Pourquoi la taxe sur les superprofits pétroliers a-t-elle rapporté 40 fois moins qu'attendu?

Beaucoup de bruit pour finalement pas grand-chose. Pressé par l'opinion publique et la gauche, le gouvernement avait consenti à instaurer une taxe temporaire sur les rentes pétrolières durant la crise énergétique en décembre 2022. Un pas de côté sur son dogme fiscal qui n'a pas autant rapporté qu'espéré.
La contribution temporaire de solidarité (CES) n'a finalement dégagé que 69 millions d'euros en 2022, selon une note de blog de l'Institut des politiques publiques (IPP) publiée ce jeudi matin. Un résultat d'autant plus décevant que l'exécutif avait pourtant placé la barre assez basse. Le gouvernement espérait récupérer quelque 200 millions d'euros. Les économistes de l'IPP se montraient plus optimistes, tablant sur une contribution de 3 milliards d'euros.
Périmètre de la taxe restreint
Comment expliquer l'écart entre les diverses estimations et le modeste butin empoché par le fisc? L'auteur de la note, Laurent Bach, professeur de finances à l'Essec et coresponsable du pôle entreprises de l'IPP, signale qu'un grand nombre d'entreprises ont été exclues du périmètre sectoriel de la taxe.
"Par exemple, si vous achetez du pétrole brut et que vous revendez du pétrole raffiné, mais que vous faites appel à un sous-traitant pour l'activité de raffinage, votre marge n'est pas considérée comme un superprofit - même si vous contrôlez ce sous-traitant à 100 %", soulève l'économiste.
Ces entreprises épargnées étaient pourtant ciblées par l'accord initial conclu entre les Etats membres de l'Union européenne sur les "superprofits" des producteurs d'énergie.
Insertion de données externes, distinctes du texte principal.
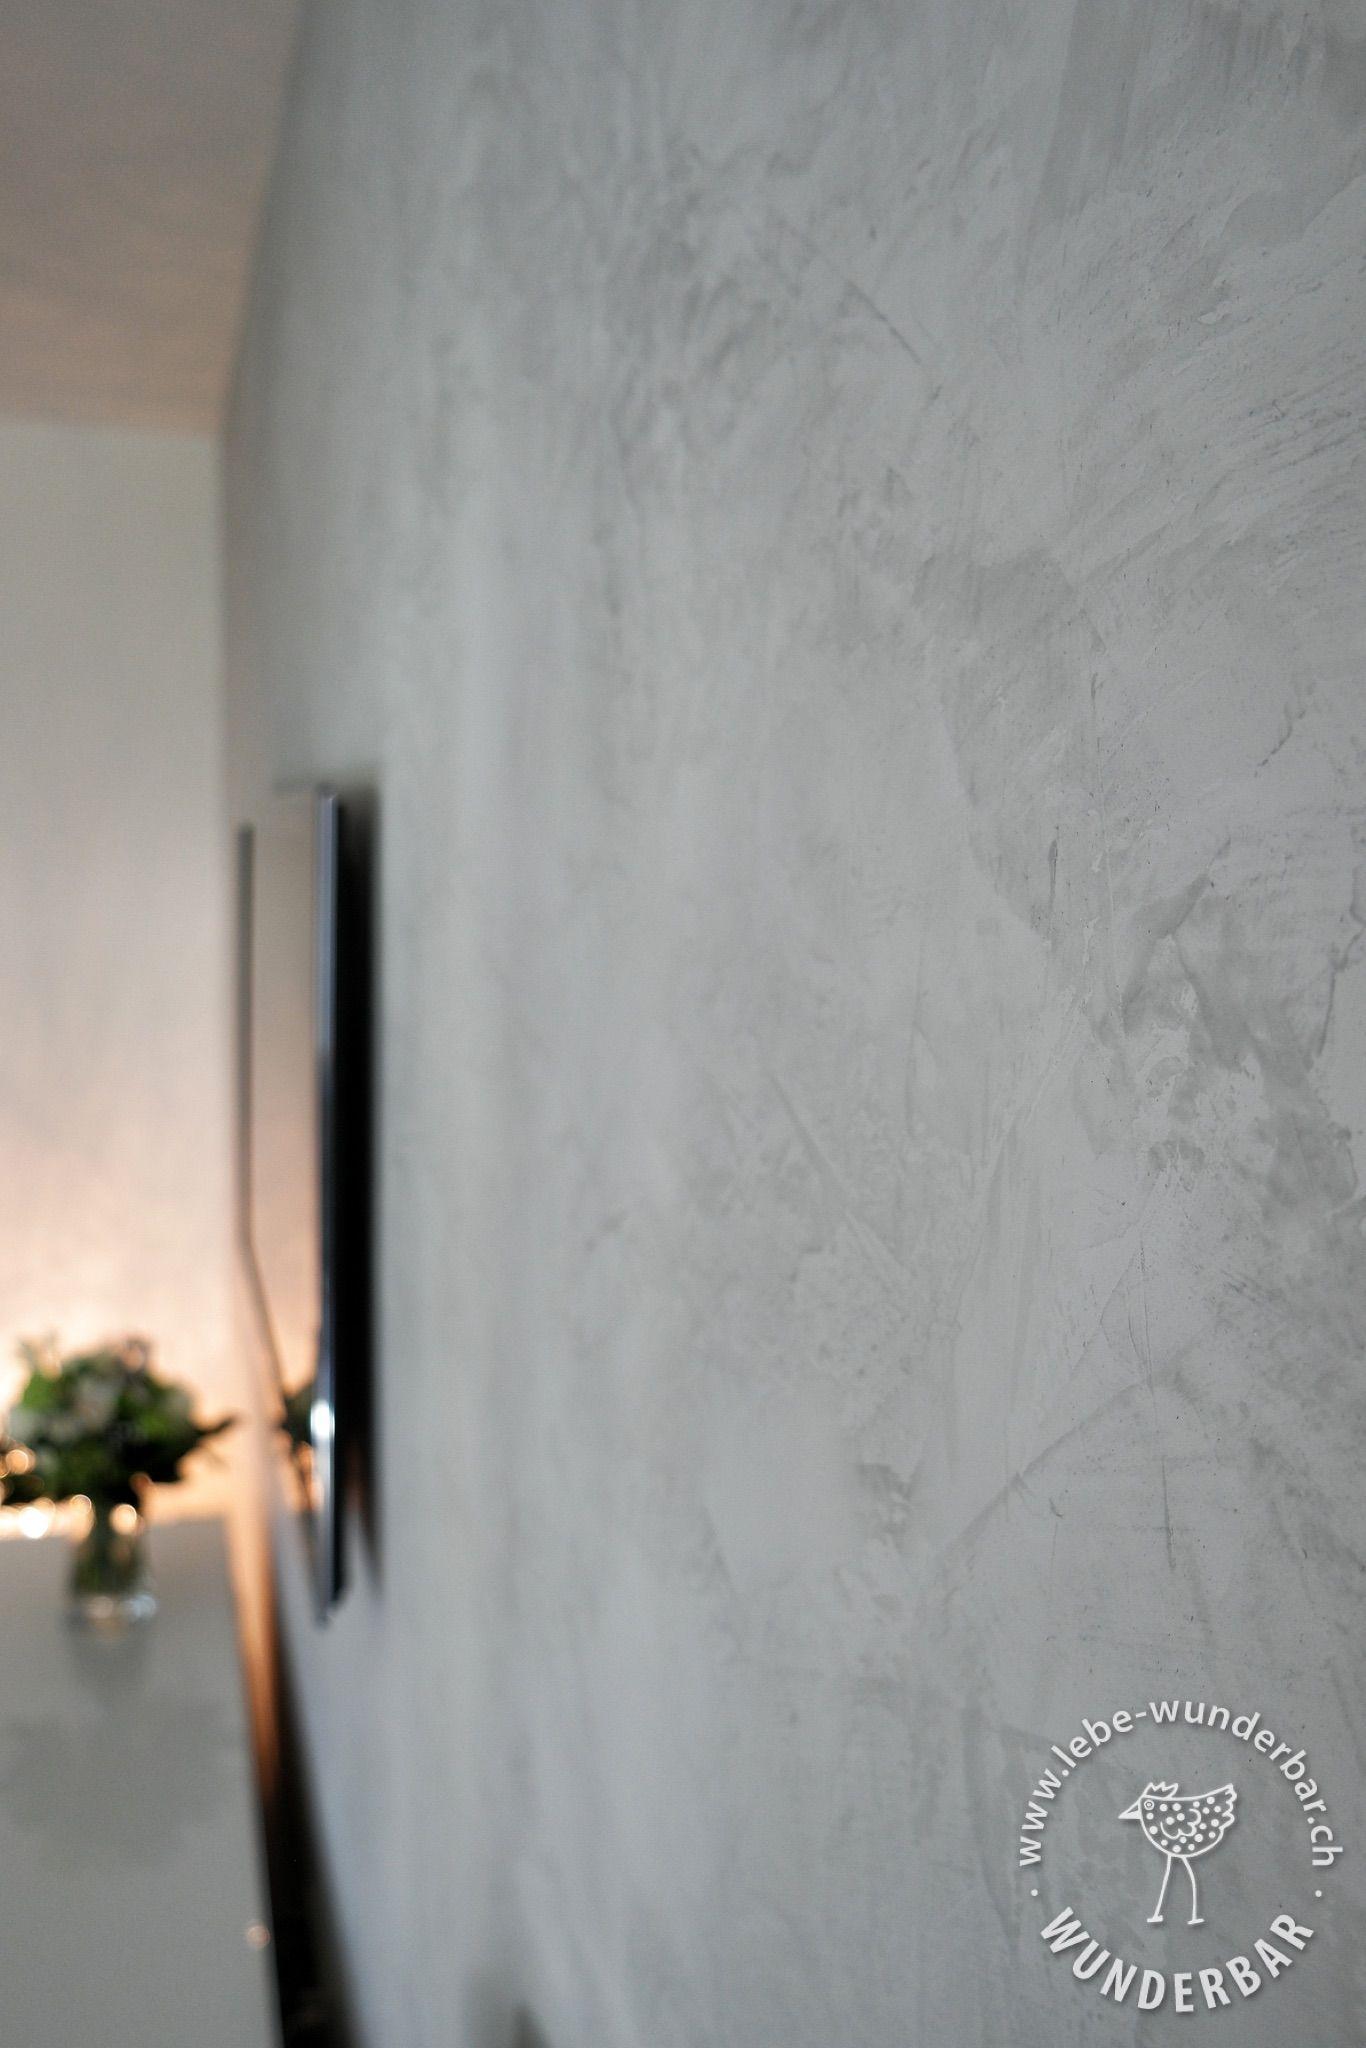 Raumgestaltung Durch Wandveredelung Wandgestaltung Wohnzimmer Ideen Wandgestaltung Wandgestaltung Tapete

Leur retrait a été décidé par Bercy lors de la transposition du règlement dans le droit français.
"Environ 72 % des superprofits réalisés par les entités initialement ciblées par le règlement européen ont été soustraits à la CES sans qu'on puisse dire en quoi il ne s'agit pas de profits exceptionnels causés par la crise énergétique", pointe Laurent Bach.
Angle mort
Autre argument avancé: "l'étendue d’utilisation des pertes fiscales passées". En clair, les groupes pétroliers ont pu reporter les déficits des exercices précédents afin d'amoindrir les bénéfices soumis à la taxation. Si ce dispositif relève de la norme en ce qui concerne l'impôt sur les sociétés, l'économiste pointe néanmoins un angle mort:
"Compte tenu de l'organisation en groupe fiscal de la plupart des contribuables du secteur pétrolier, les pertes des années antérieures ont généralement déjà été utilisées pour réduire l'impôt sur les sociétés du groupe dans sa totalité (..) l'administration a fait comme si ces pertes n'avaient jamais été utilisées auparavant."
Écart de 1 à 20
Une fois ses deux raisons prises en compte, le rendement attendu passe de trois milliards à 670 millions. Ce qui reste près de 10 fois supérieur à la somme récupérée par Bercy. La faute à des marges très faibles réalisées par les groupes pétroliers en France. Stratégie "de déplacement de profits" ou "véritable inefficience relative du raffinage français"? L'expert botte en touche en raison “d'informations suffisantes".
Pour rappel, l'autre taxe visant les superprofits des énergéticiens, la contribution sur la rente inframarginale (Crim) a, elle aussi, eu un rendement en deçà des atttentes. Alors que Bercy tablait sur des recettes de 12,3 milliards, la contribution des producteurs d'électricité n'a rapporté que 625 millions d'euros. Soit un écart de 1 à 20.